How to fix your credit using AI and consumer law? ›

How it works
  1. Sign up today. Start your credit improvement journey by signing up for Consumer Law Dispute.ai.
  2. Import Your Credit Report. Easily import your credit report into the platform.
  3. Analyze Your Report. Let our AI-powered technology analyze your credit data for actionable insights.
  4. Generate Letters. ...
  5. Send your dispute.

What is the best app to build my credit score? ›

Credit Building Apps
  • SeedFi. ...
  • Kikoff. ...
  • MoneyLion. ...
  • Grow Credit. ...
  • Sable. ...
  • Sesame Cash. ...
  • Credit Strong. If you have the money to make monthly payments ranging from $15 to $110, Credit Strong may be a good option for you. ...
  • Extra. The Extra debit card helps users by spending the money available in their bank accounts.

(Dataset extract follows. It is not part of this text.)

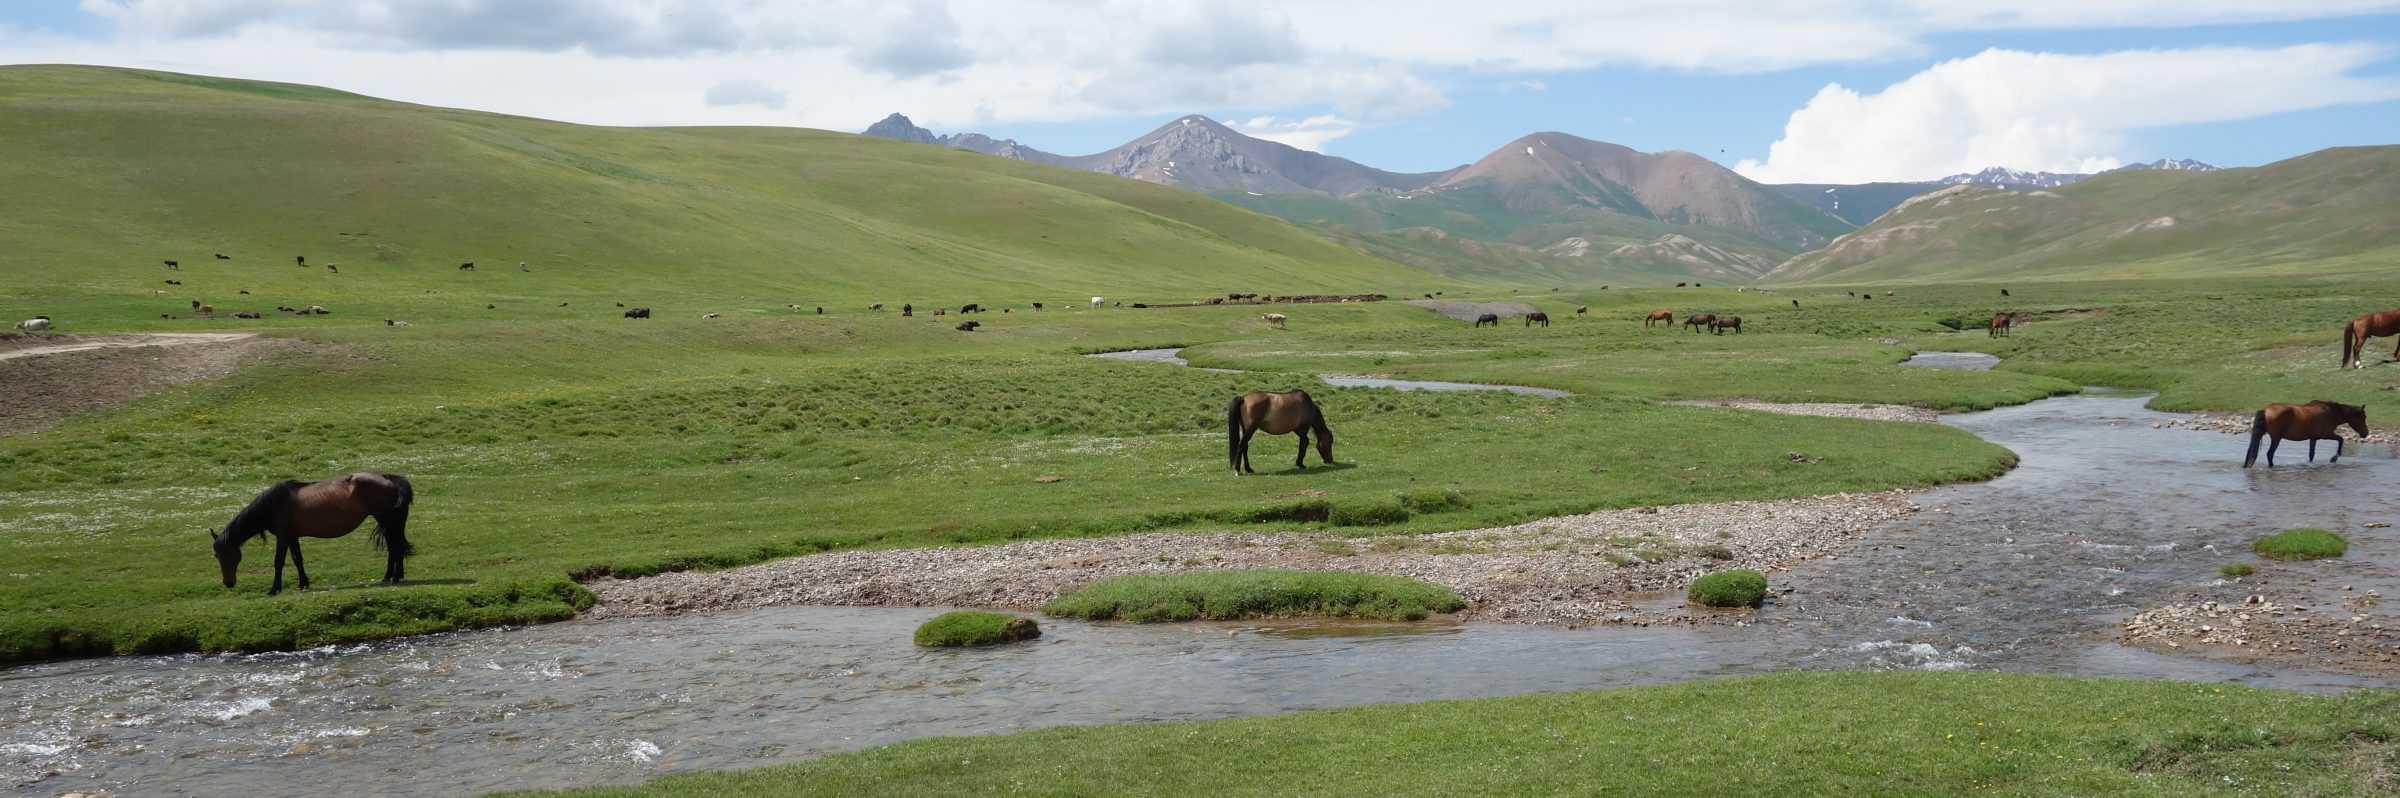 Lake Song-Kul, Kyrgyzstan

How to rebuild a 400 credit score? ›

8 Steps to Rebuild Your Credit
  1. Review Your Credit Reports. ...
  2. Pay Bills on Time. ...
  3. Lower Your Credit Utilization Ratio. ...
  4. Get Help With Debt. ...
  5. Become an Authorized User. ...
  6. Get a Cosigner. ...
  7. Only Apply for Credit You Need. ...
  8. Consider a Secured Card.
Nov 2, 2023

Top Articles
Latest Posts
Article information

Author: Terence Hammes MD

Last Updated:

Views: 6280

Rating: 4.9 / 5 (49 voted)

Reviews: 80% of readers found this page helpful

Author information

Name: Terence Hammes MD

Birthday: 1992-04-11

Address: Suite 408 9446 Mercy Mews, West Roxie, CT 04904

Phone: +50312511349175

Job: Product Consulting Liaison

Hobby: Jogging, Motor sports, Nordic skating, Jigsaw puzzles, Bird watching, Nordic skating, Sculpting

Introduction: My name is Terence Hammes MD, I am a inexpensive, energetic, jolly, faithful, cheerful, proud, rich person who loves writing and wants to share my knowledge and understanding with you.